Так говорит преподобный Серафим, так говорит достойно носивший имя «пламенный». Ведь для того, чтобы так подвизаться, как подвизался преподобный Серафим, для того, чтобы молиться тысячу дней и ночей, для того, чтобы нести такой пост, для того, чтобы быть исполненным такого смирения, – для всего этого нужно, чтобы в сердце постоянно горел пламень огненный. Только испытавший сам этот горящий огонь Божественной благодати в своем сердце мог именно так определить Господа, именуя Его огнем согревающим и воспламеняющим сердца и утробы, то есть жизнь нашу.

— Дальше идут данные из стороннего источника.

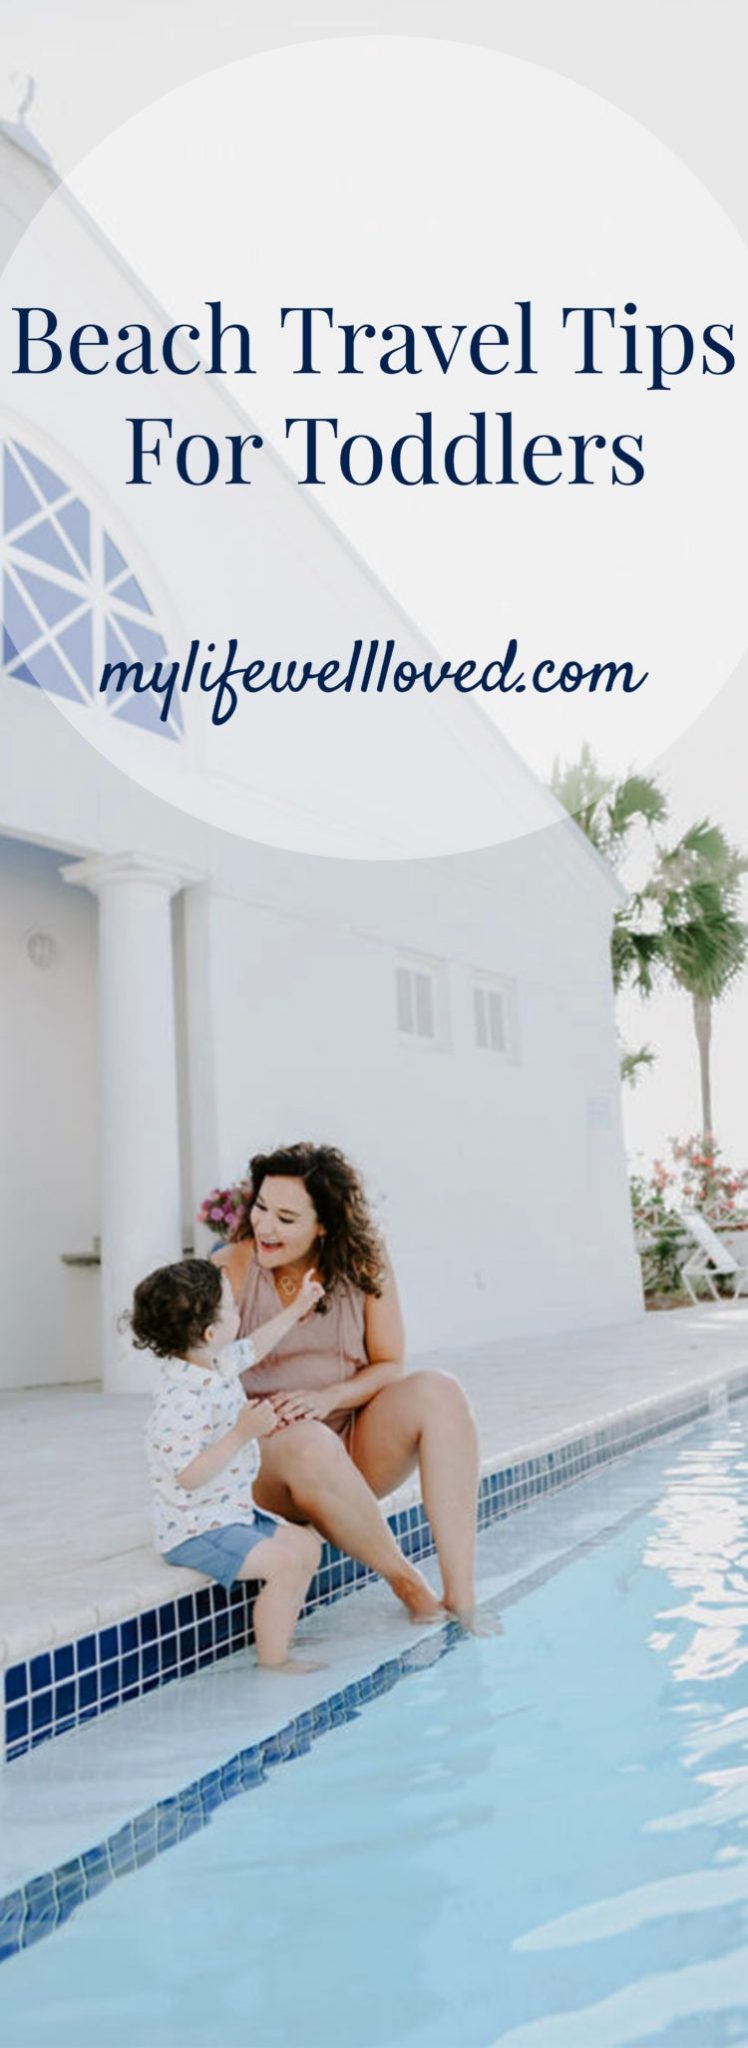 Tips on Travel with Kids from healthy lifestyle blogger Heather of MyLifeWellLoved.com // Whether you're a toddler mom or have a new baby, this post is super helpful for your next beach trip! #mom #travel #familytravel sunscreen

И открывает далее преподобный Серафим, какова внутренняя сущность дьявола – она есть хлад. Когда мы всматриваемся в нашу нелюбовь, в нашу черствость, бесчувственность к страданиям ближнего, нашу беззаботность к неудаче другого, – разве мы воистину не ощущаем, что дьявол хладен есть? И для того, чтобы этот хлад рассеять в себе, преподобный Серафим учит нас в таких тяжких наших состояниях хладности взывать Господу, Который огнем Своей благодати изгонит из нас хладного доброненавистника. Это взывание должно быть настойчивым и постоянным. Как часто с беспомощным и разочарованным чувством спрашивают мучающиеся тем или иным внутренним духовным недостатком: как исправиться, сознавая, что единого движения воли человеческой для исправления недостаточно? Действительно, нет такого лекарства, которое можно было бы принять и сразу же изменить внутреннее состояние человека. Но внутренняя жизнь, как нам уясняют это наши святые Отцы в своих творениях, имеет некое подобие с жизнью физической: и здесь тоже, в мире духовном, нужны настойчивость и упражнение, постоянное и частое повторение, нужны труд и терпение. И вот преподобный Серафим указывает нам на то, что нужно не раз только, в минуту тяжкого душевного состояния, уяснившего нам хладность сердца нашего, взывать ко Господу, а нужно все время и неустанно обращаться к этому Огню, чтобы он, сей Огонь, теплотою своею прогнал хладность наших сердец.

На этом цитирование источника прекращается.